The training process emphasizes qualitative improvements in coherence, fluency, and factual grounding, demonstrating competitive results even with fewer tokens compared to larger-scale models.

This checkpoint represents the model's state at 5,100 training steps. Validation loss and downstream performance benchmarks demonstrate notable early improvements in text fluency and alignment with prompts.

Training Code

The training script, including configurations and instructions, is open-sourced and available here:
📄 DMaS-LLaMa-Lite Training Code

Usage

You can load the model with Hugging Face Transformers library:

from transformers import AutoModelForCausalLM, AutoTokenizer

model_name = "McGill-DMaS/DMaS-LLaMa-Lite-step-5.1k"
tokenizer = AutoTokenizer.from_pretrained(model_name)
model = AutoModelForCausalLM.from_pretrained(model_name)

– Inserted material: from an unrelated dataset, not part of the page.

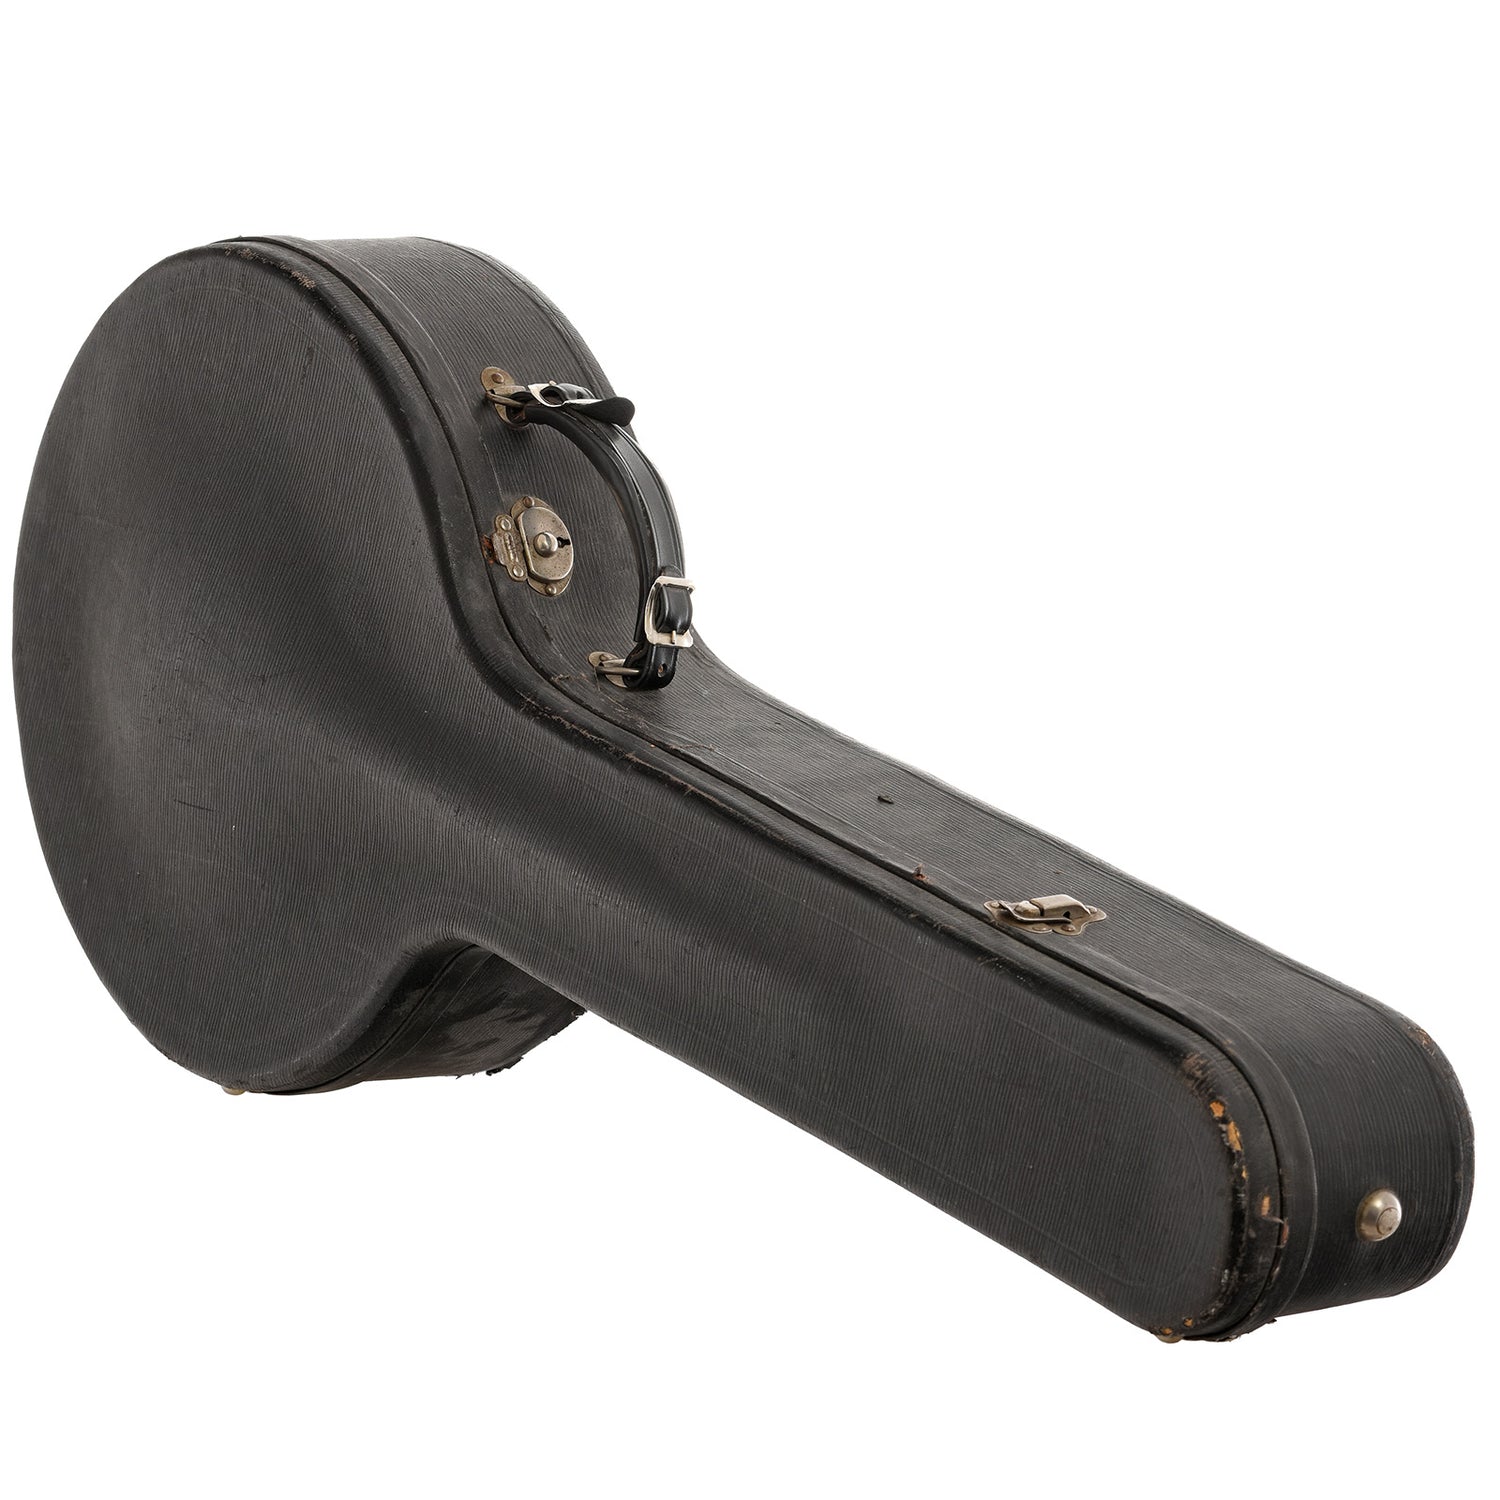 Case for 1929 Gibson TB-3 Tenor Banjo

inputs = tokenizer("The Pyramids of Giza in Egypt are some of the oldest man-made structures in the world.", return_tensors="pt")
outputs = model.generate(**inputs, max_length=50)
print(tokenizer.decode(outputs[0], skip_special_tokens=True))

Citation

If you use this model or its training insights in your work, please cite the following paper:

@article{li2024effectiveness,
  title={Experience of Training a 1.7B-Parameter LLaMa Model From Scratch},
  author={Li, Miles Q and Fung, Benjamin and Huang, Shih-Chia},
  journal={arXiv preprint arXiv:2412.13335},
  year={2024}
}

License

This model and code are released under the Apache License 2.0. Please check the respective repositories for detailed terms.